Pronto, já inspirei fundo.
O nosso protesto é contra os manuais de pedagogia politicamente correctos que vilipendiam todos os pais que criticam constantemente os filhos e que não perdem uma ocasião de lhes mostrar como falharam, mas que não dedicam uma palavrinha que seja aos filhos que criticam constantemente os seus queridos paizinhos e não perdem uma ocasião de lhes mostrar como falharam. Para não falar nos “especialistas” que nos recordam constantemente que podemos traumatizar uma criança com duas palavras mais agressivas, e por em risco a sua saúde mental quando não lhes mostramos o apreço merecido, mas que provavelmente se sentem legitimados a por a mãezinha na ordem.
Ah, Ana, e convém esclarecer, não estamos (só) a falar de crianças ou de adolescentes tomados pelas hormonas, mas de filhos adultos que não desistem de educar os pais: “Mãe, não podia ter estado calada?”, “Lá está a mãe outra vez com essa mania...”, “Mãeeee, como é possível que tenha comentado o vestido da namorada do primo Augusto, em frente da tia Verónica!”, “Oh mãe, ninguém já pensa assim há pelo menos trezentos anos”, e a lista podia continuar infindável.
Espera, é que há pior. Os filhos tendem a coligar-se nestas ocasiões, e enquanto ‘um diz mata, o outro diz esfola’, não fazendo a menor cerimónia em desenterrar e troçar de todas as nossas “gafes” e erros passados — aquela vez em que demos os pêsames ao senhor padre pela morte da esposa, confundindo-o com o sacristão, ou os fomos buscar à escola com um sapato diferente do outro, só para citar dois casos verídicos de que com certeza te lembras e que, apesar de tudo, são os mais divertidos que me vêm à memória.
O objectivo destas “correcções fraternas” é, obviamente, exactamente o mesmo que os pais alegam para o esforço educativo que dedicam aos seus filhos: impedir que os chateiem e envergonhem.

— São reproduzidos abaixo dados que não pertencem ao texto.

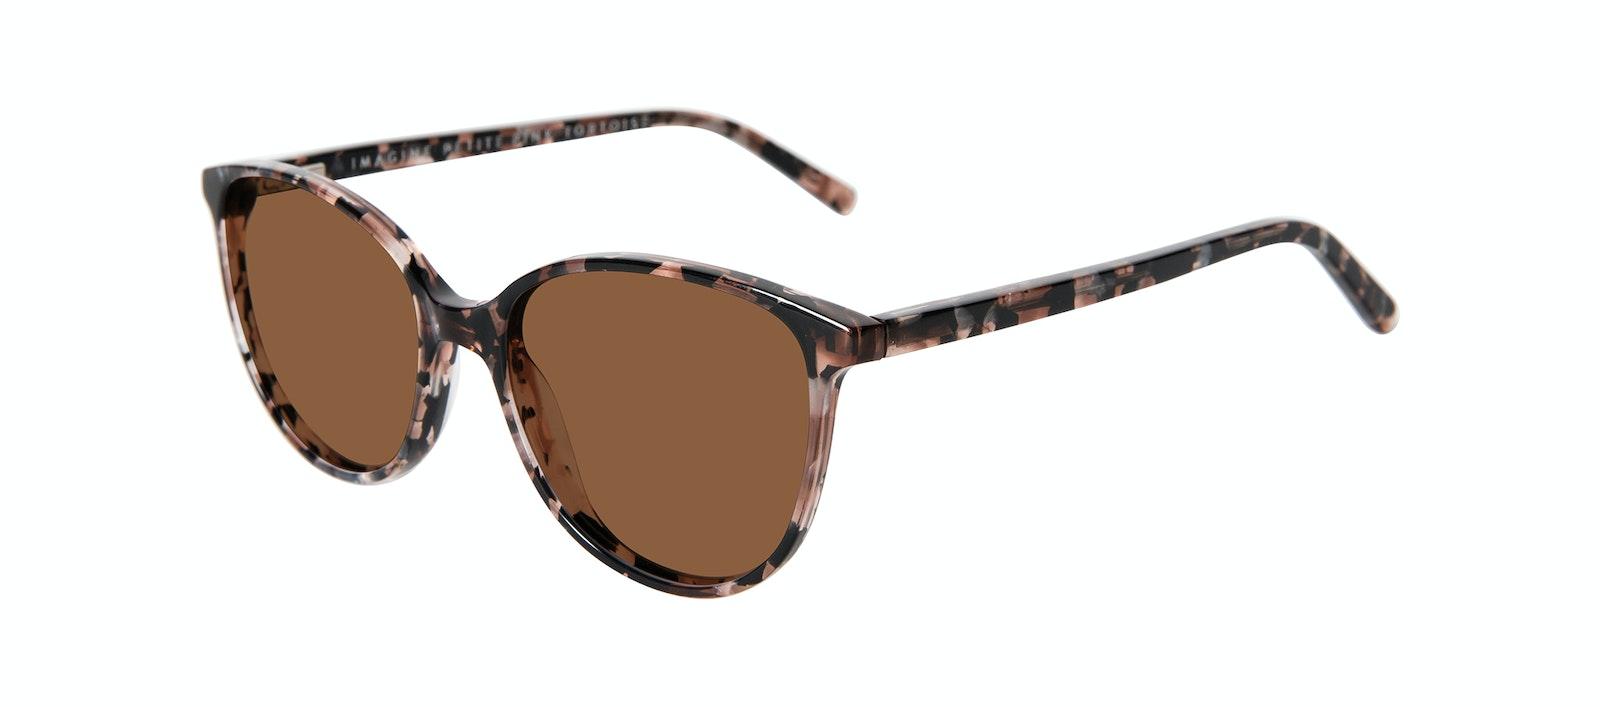 Affordable Fashion Glasses Round Sunglasses Women Imagine Petite Pink Tortoise Tilt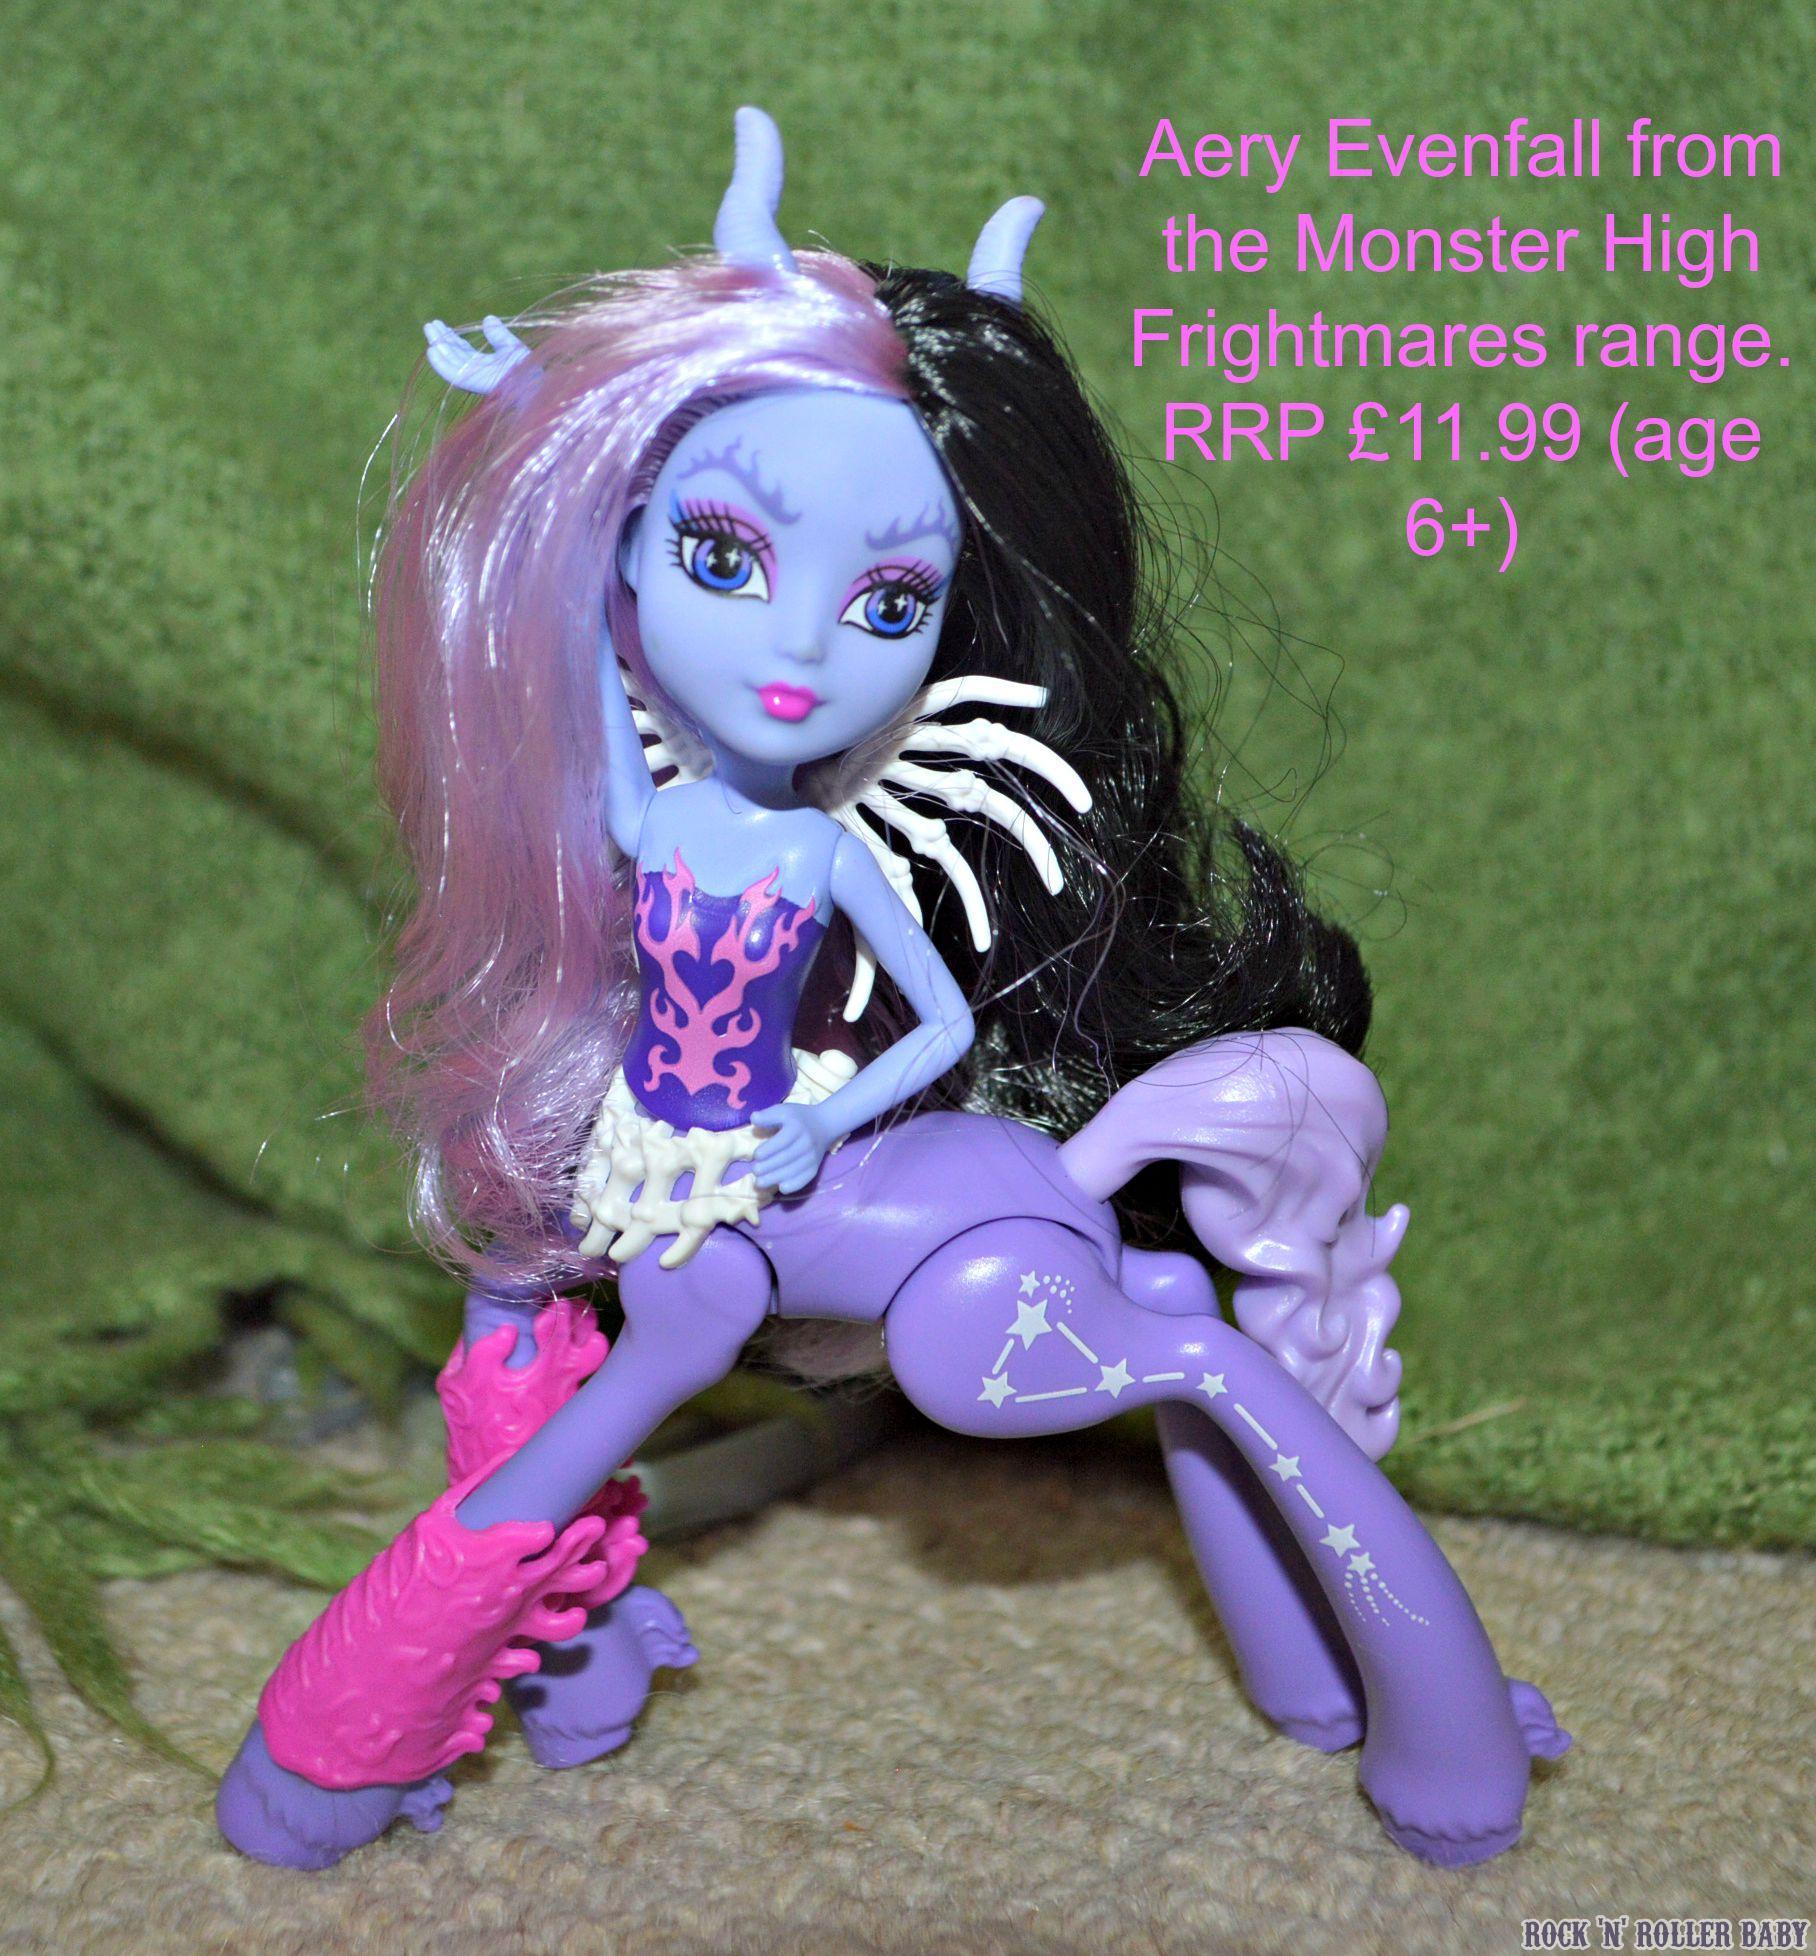 Monster High Frightmares Centaurs Rocknrollerbaby

E rirem-se um bocadinho à custa deles. Só que enquanto dizer que um filho nos envergonha dá direito a uns anos de cadeia, já não cai nem o Carmo, nem tão pouco a Trindade, se o foco da acção for “educar” a nossa mãe.
Pronto, está feita a birra. Espero a tua resposta para a partilhar com todas as outras mães que se juntam a mim neste verdadeiro abaixo-assinado.
Querida Mãe,
Ouch! Constato que ainda vamos a dia 5 de Janeiro e já se evaporou o suposto anseio universal de 2021: “Passar mais tempo em família.” Está a pensar anunciar um novo confinamento profiláctico para descansar de nós?
Há muito que se diga sobre a sua carta… Vou ver se consigo dizer-lhe o que penso, sem deitar mais achas nessa birra! Vamos lá por pontos, que é mais seguro:
1. Não sei bem que livros de parentalidade tem lido porque mesmo com algumas novas “modas” a grande maioria continua a centrar-se na “má educação dos filhos”. E a defender que perante uma opinião contrária da criança e do adolescente, o melhor é mesmo é “encurtar as rédeas”, e deixar claro “quem manda aqui”. Antes fossem como a mãe os imagina.
2. Percebo o seu ponto! E confesso que fiz há precisamente três anos esse mea culpa. Quando estávamos a brincar consigo, mas a mãe se enfureceu e disse um “Já chega!”, muito sentido. Sim, é verdade, muitas vezes criticamos ou pegamos nas vulnerabilidades dos nossos pais e, geralmente em bando com os nossos irmãos, troçamos delas, ou criticamo-las sem pensar duas vezes. A verdade é que só quando me imaginei na mesma situação, alvo dos comentários dos meus filhos, é que me ‘caiu a ficha’. E porquê?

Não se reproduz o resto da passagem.